Here, Plaintiff Lisa Daniels alleges that she actively participated in this litigation since its inception, aided counsel's investigation for hours, prepared for mediation, and participated extensively in said mediation that resulted in settlement of the case. (Joint Mot. 25:11-20). Plaintiff, however, does not provide further explanation describing her efforts in detail. During final fairness review, the Court will require analysis of the relevant factors including “the proportion of the payments relative to the settlement amount,” “the size of [the] payment,” “the actions the plaintiff has taken to protect the interests of the class,” “the degree to which the class has benefited from those actions,” and “the amount of time and effort the plaintiff expended in pursuing the litigation.” Staton, 327 F.3d at 977; see, e.g., Deatrick v. Securitas Sec. Servs. USA, Inc., No. 13-cv-05016-JST, 2016 WL 5394016, at *8 (N.D. Cal. Sept. 27, 2016) (finding that while $5,000 was a presumptively reasonable incentive award in the Ninth Circuit, such an award in that case was not warranted because plaintiff did not offer details regarding the actions the plaintiff had taken to protect the interests of the class). Without satisfactory elaboration on these points, the Court will reduce the incentive award following the final fairness hearing to a reasonable amount. See, e.g., Wolph, 2013 WL 5718440, at *6.
IV. CONCLUSION
IT IS HEREBY ORDERED that the Parties' Motion for Reconsideration of Order Denying Joint Motion for Approval of Collective Action Settlement, (ECF No. 39), is GRANTED.

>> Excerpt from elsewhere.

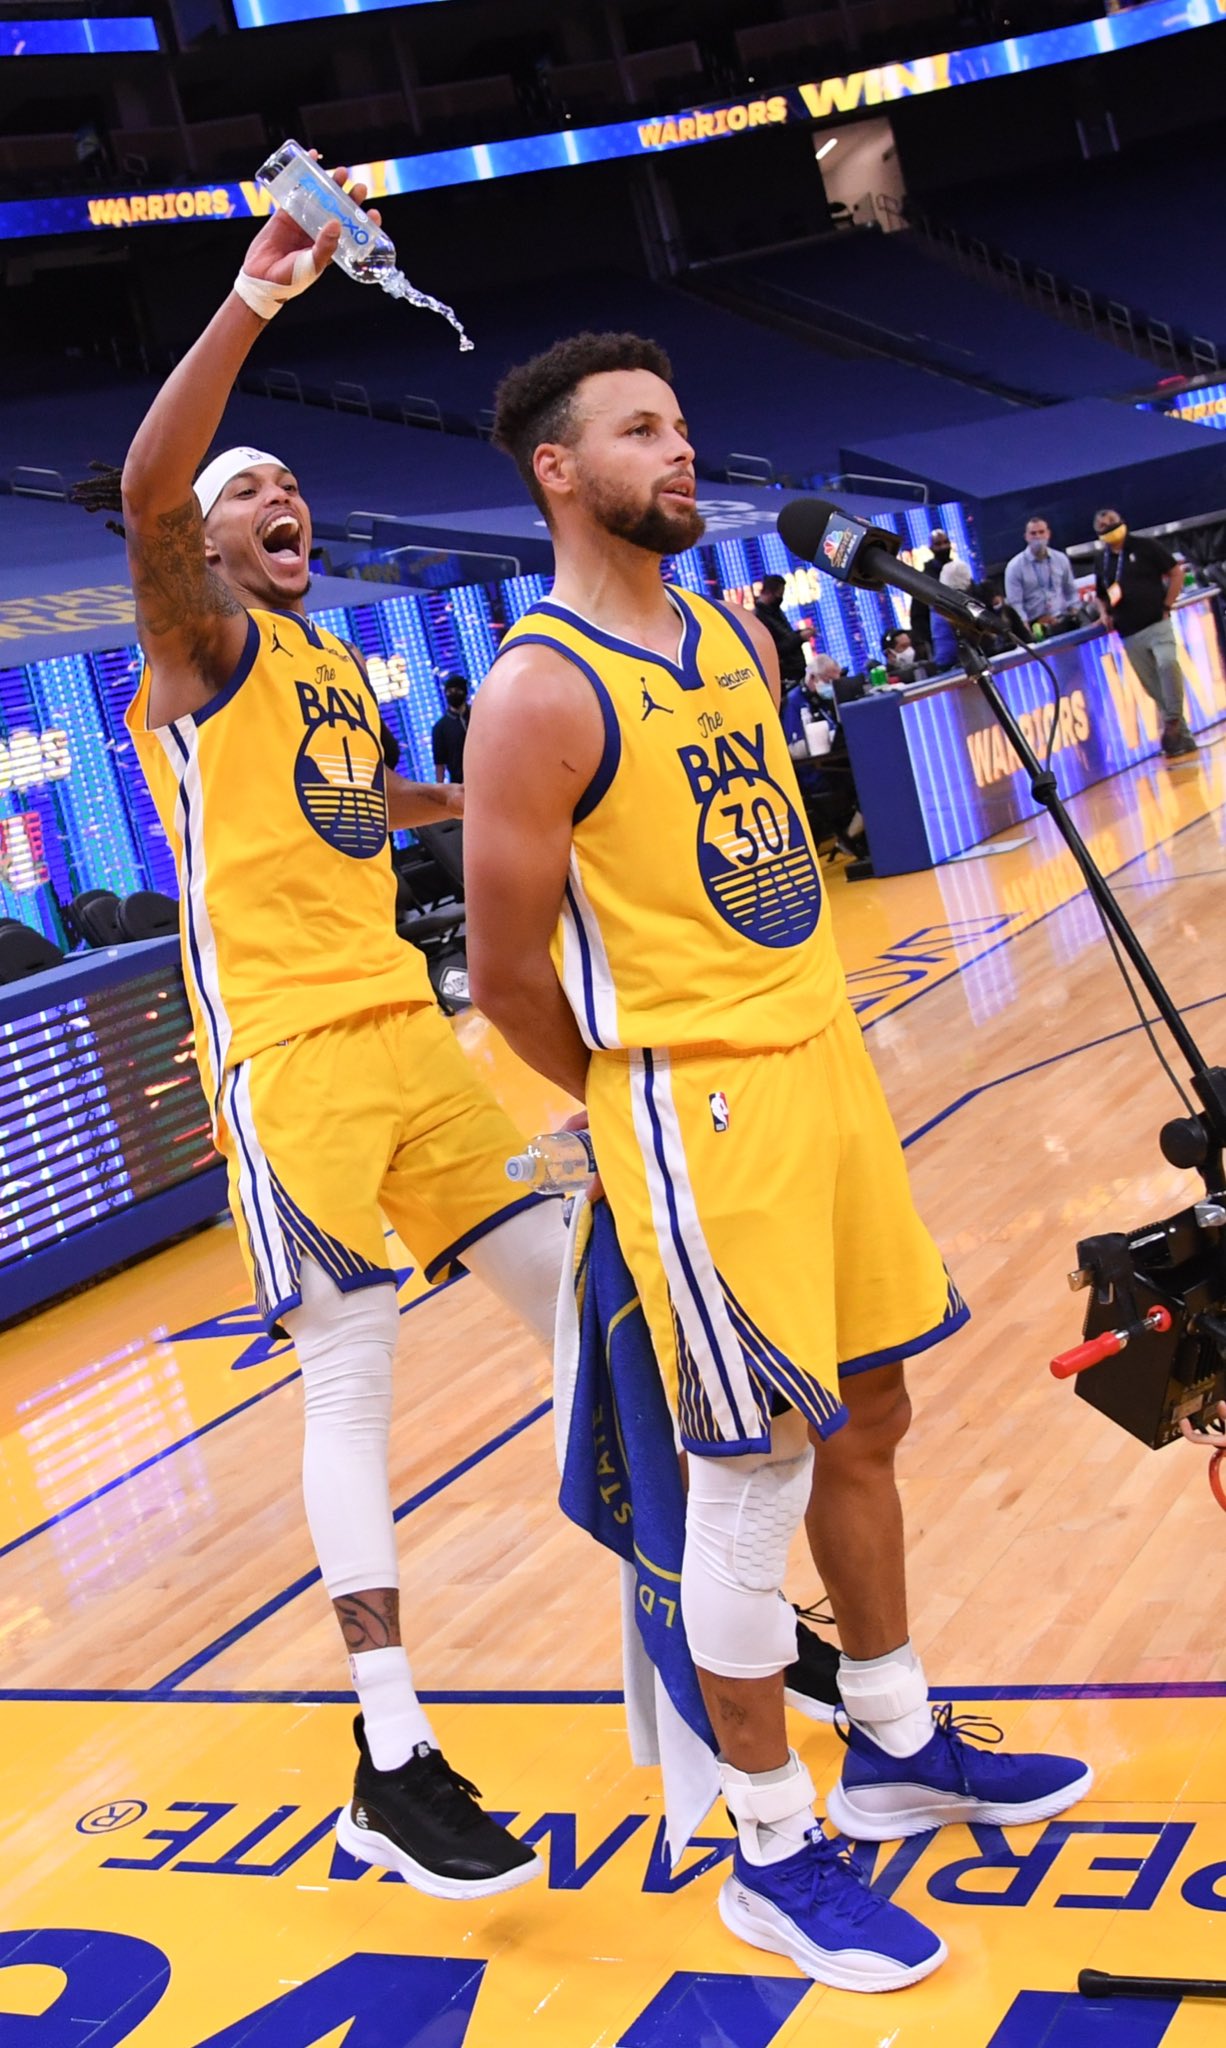 Why Does Steph Curry Wear One Sleeve? Find out Here!

IT IS FURTHER ORDERED that the Court's previous Order, (ECF No. 38), is STRICKEN in its entirety.
IT IS FURTHER ORDERED that the Parties' Joint Motion for Approval of Collective Action Settlement, (ECF No. 37), is GRANTED. Accordingly, the Court GRANTS Plaintiff leave to file an amended complaint, GRANTS preliminary approval of the settlement, conditionally certifies the class and collective action for settlement purposes, conditionally approves the proposed award of attorneys' fees, and approves the proposed form of notice. The Court also approves the proposed class counsel, class representatives, and claims administrator. The class representative service award will be determined at the final fairness hearing.
IT IS FURTHER ORDERED that the Parties shall appear in person for a Final Approval Hearing on April 14, 2023, at 10:00 AM in LV Courtroom 7D before Judge Gloria M. Navarro.